Examining each REC in turn we find that both Rwanda and Uganda export around half of their totals to COMESA, with DRC and Burundi around 20%, Zambia and Malawi around 15% and the rest below this figure. Libya with less than 0.5% is the outlier. Within the EAC, Kenya is the largest intra-EAC exporter with a share that varies around one-half while Uganda, Rwanda and Tanzania have similar shares of around 15% to 20%. Rwanda reports that some 72% of its exports were destined for EAC during 2013, but the data for other years varies significantly. As expected, South Africa dominates the intra-SADC exports with a share around 50% to 60%.

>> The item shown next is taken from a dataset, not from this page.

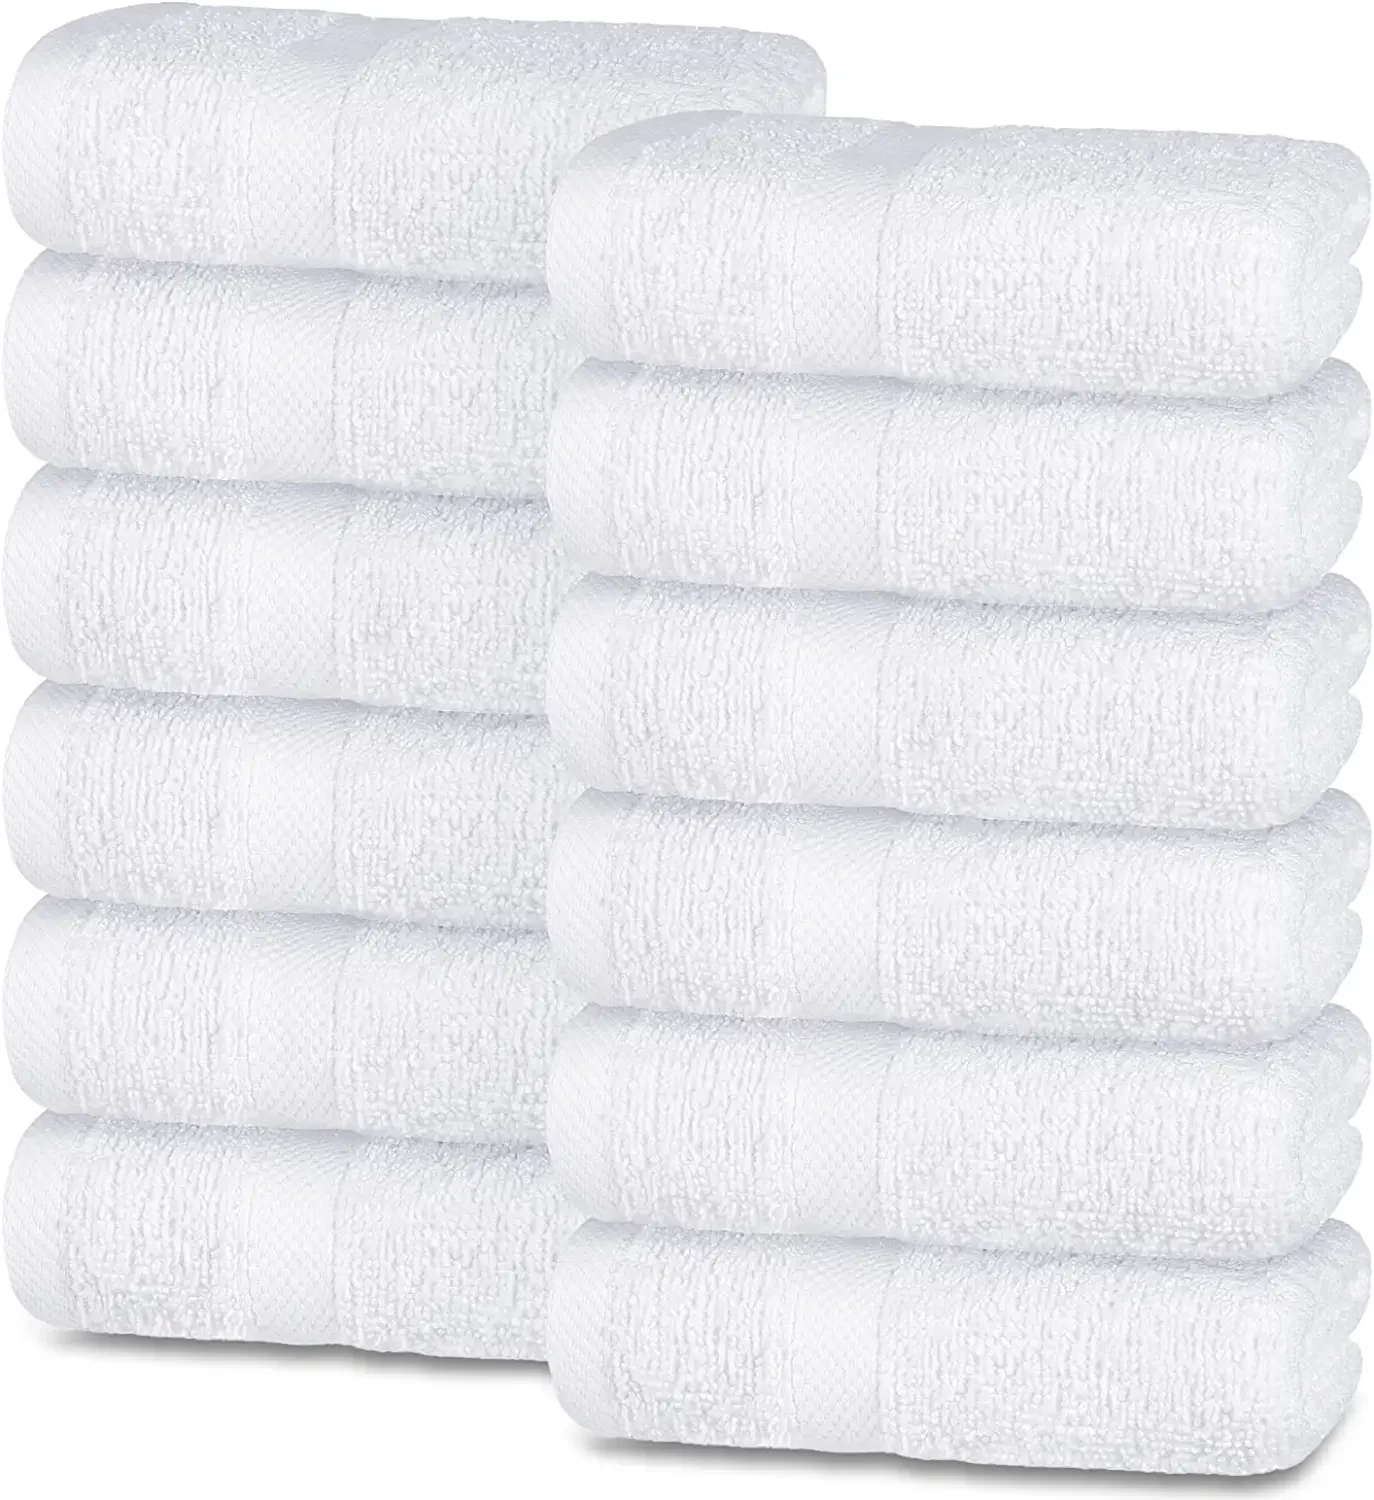 

Wealuxe Cotton Hand Towels - Soft and Lightweight - 16x27 Inch - 12 Pack - White

Next is a group of eight members with shares that are all generally grouped between 3% and 8%. By shares of exports destined for SADC, Zimbabwe reports that over 90% of its exports are in this category, and both Swaziland and Namibia report around 50% to 60%. Angola, like fellow oil exporter Libya in COMESA, has a very low share of around 3% only destined for SADC.
Overlapping memberships are a major feature of the RECs, and we must be careful to assess the overall impact of these to avoid double-counting intra-REC trade. We have taken two subcategories of each REC: (a) ‘pure’ trade entails intra-REC trade that excludes trade counted as intra-regional trade in another REC as both partners are members in common of another REC, whereas (b) ‘geographical’ trade entails all REC members which are arbitrarily assigned to their logical geographical regions. Pure trade is a subset of the full data while geographical trade in turn is a subset of pure trade.
There are, of course, several issues related to these definitions that suggest that we are taking an almost naive approach but this approach does highlight the overlapping issue. We have only assessed exports under these definitions, and ‘pure’ entails only intra-REC trade.